The QFFs for c-C3(C2H)2 and c-C3(C2H)(CN) were run directly in Cartesian coordinates and are composed of 115 746 points and 145 824 points, respectively.

The SIC QFFs begin with the optimization of the geometry at each level of theory. The geometry was then displaced by 0.005 Å or 0.005 radians to form the QFF. Single-point energies were computed at each displacement. These single-point energies were then refit by a least-squares procedure to yield the equilibrium geometry. A refit to the function minimum zeroed the gradients and yielded the force constants and the new equilibrium geometry. The force constants were converted from SICs to Cartesian coordinates utilizing the INTDER program (Allen 2005). For the Cartesian QFFs, each geometry was first optimized at the F12-DZ level of theory. The optimized geometry was then displaced along the x, y, and z axes by 0.005 Å to form the QFF (Westbrook et al. 2021).

For all of the QFFs, the rovibrational spectroscopic data was computed utilizing the Cartesian force constants in second order vibrational perturbation theory (Watson 1977; Papousek & Aliev 1982; Franke et al. 2021) in the SPECTRO software package (Gaw et al. 1996). To further increase the accuracy of the data, type-1 and type-2 Fermi resonances, Fermi resonance polyads (Martin & Taylor 1997), Coriolis resonances, and Darling-Dennison resonances were taken into account (Martin & Taylor 1997; Martin et al. 1995).
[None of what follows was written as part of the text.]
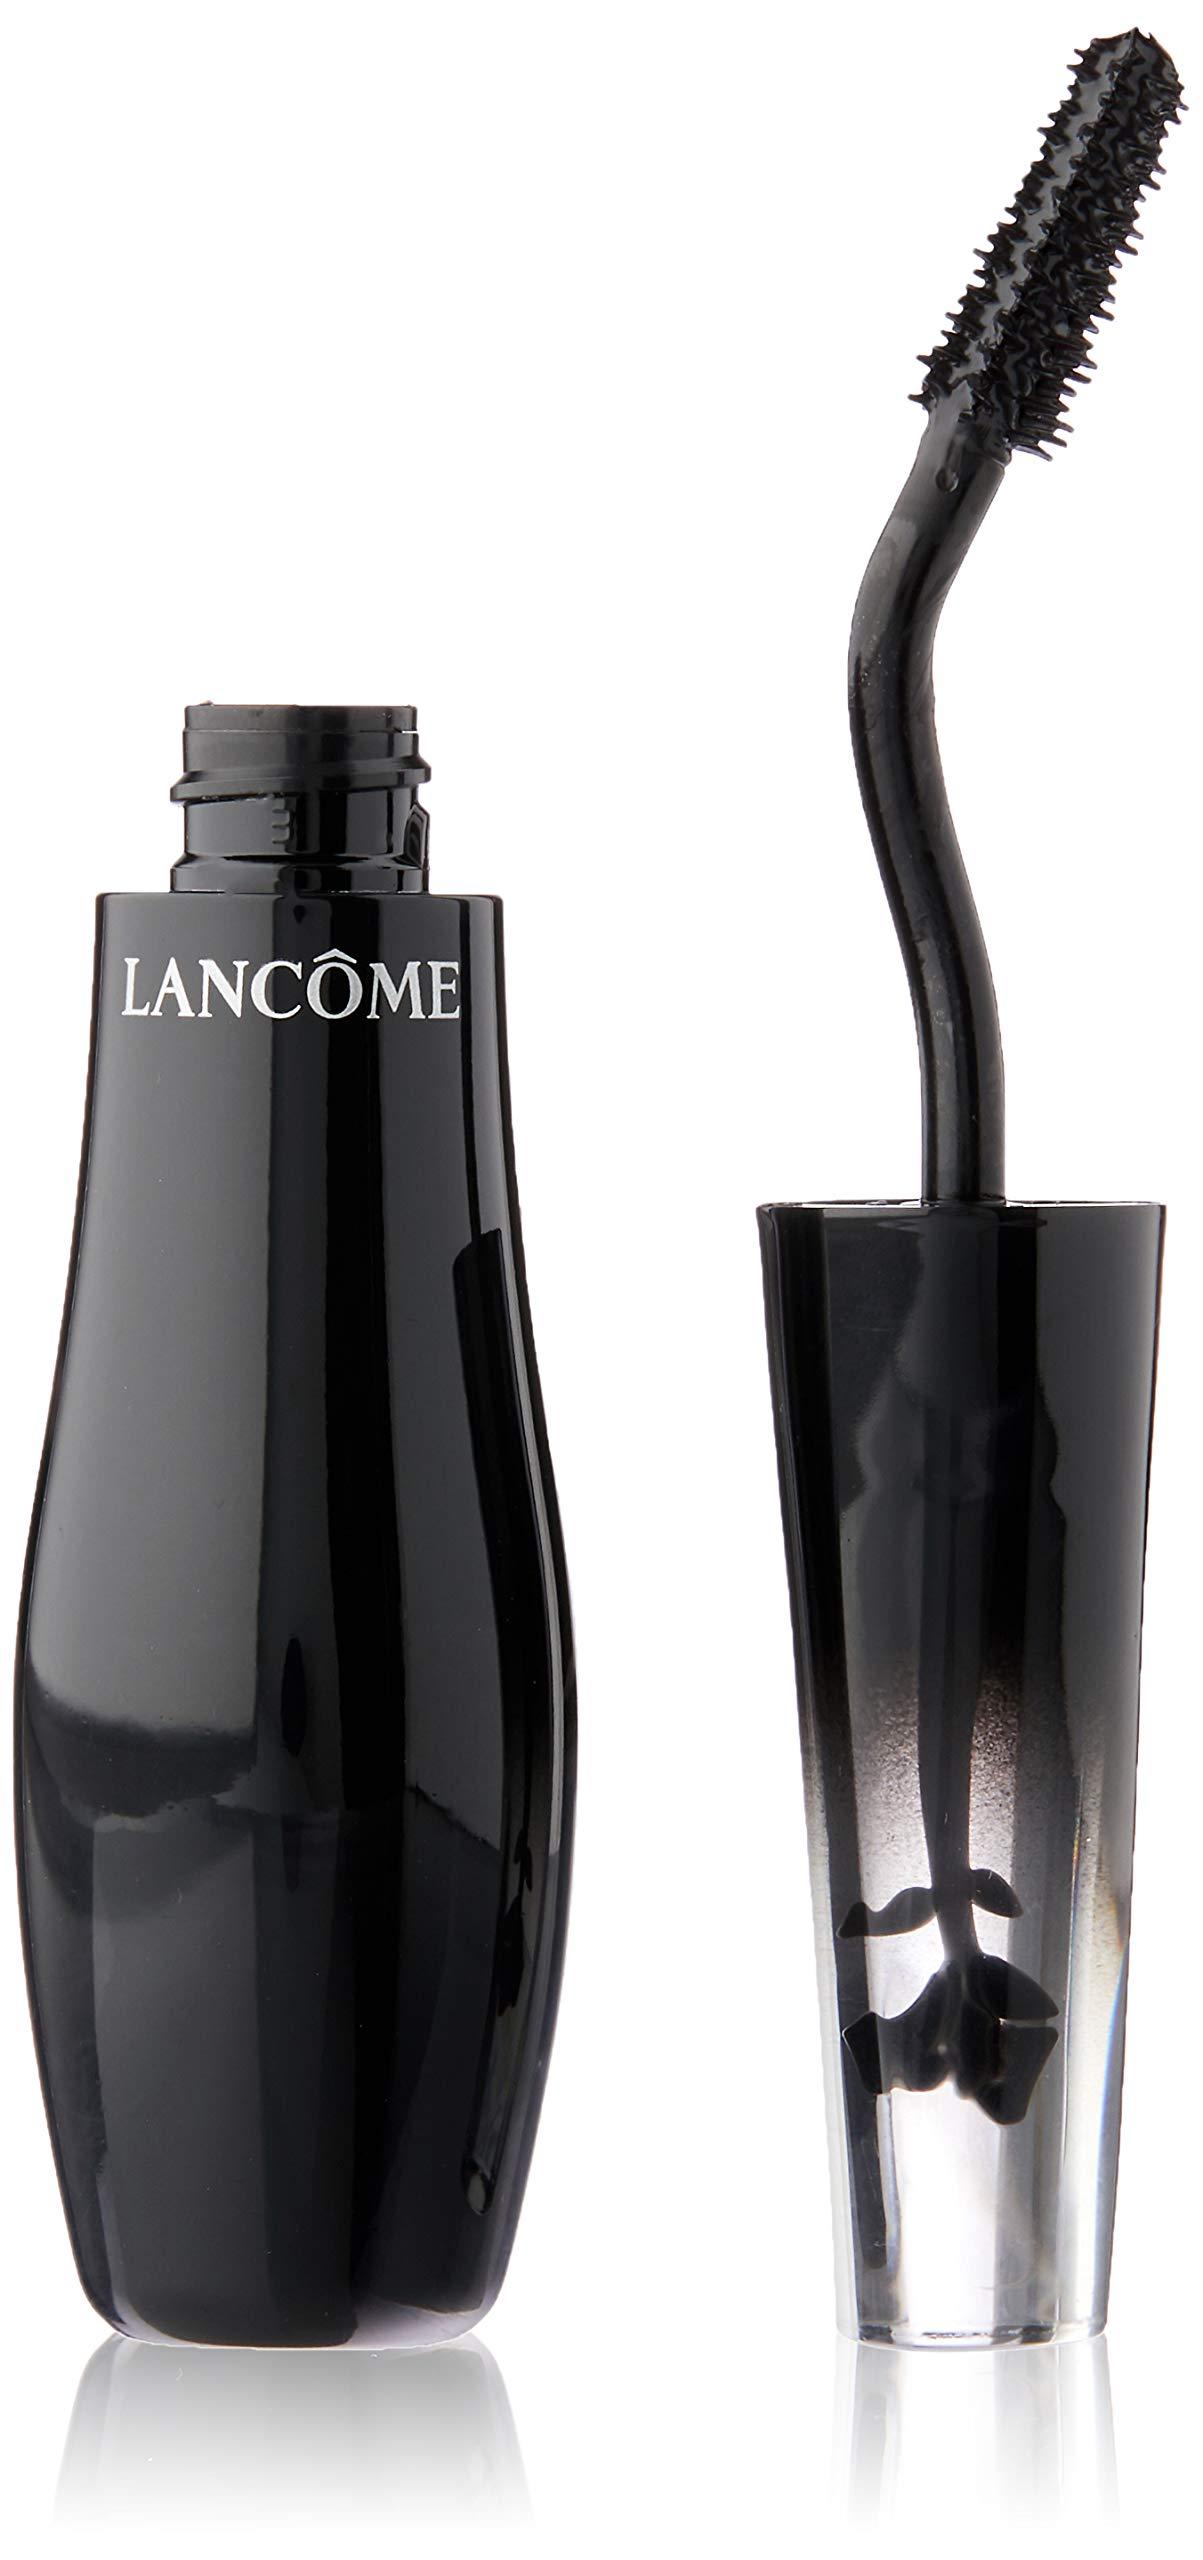 Lancome Grandiose Wide-Angle Fan Effect Mascara, Noir Mirifique, 0.35 Ounce

The dipole moment for c-C3(CN)2 was computed at the F12-TZ level of theory, and the dipole moments for c-C3(C2H)2 and c-C3(C2H)(CN) were computed at the F12-DZ level of theory. The intensities were computed at the B3LYP/aug-cc-pVTZ (Yang et al. 1986; Lee et al. 1988; Becke 1993; Dunning 1989) level of theory using GAUSSIAN 16 (Frisch et al. 2016). The geometry optimizations, harmonic frequencies, singlepoint energies, and dipole moments were computed with the MOLPRO 2022.2 software package (Werner et al. 2022).

Table 1

Thermodynamics of reaction for formation of c-C3(C2H)2, c-C3(CN)2, and c-C3(C2H)(CN).

3 Results and discussion

3.1 Reaction mechanisms

Figure 4 displays the reaction pathway for the formation of c-C3(C2H)2 from c-C3HC2H and •C2H. Analogously, Fig. 5 shows the mechanism for the formation of c-C3(CN)2 from c-C3HCN and CN. The relative ZPE-corrected electronic energies of all points on the pathways are summarized in Tables 1 and 2. Exothermicities for the single substitutions (Fortenberry 2021; Flint & Fortenberry 2022) show that a second substitution onto the cyclopropenylidene moiety to create c-C3(C2H)2 is as ther-modynamically favorable as the first. However, the formation of c-C3(CN)2 was less exothermic than the formation of c-C3HCN by 2.94 kcal mol–1.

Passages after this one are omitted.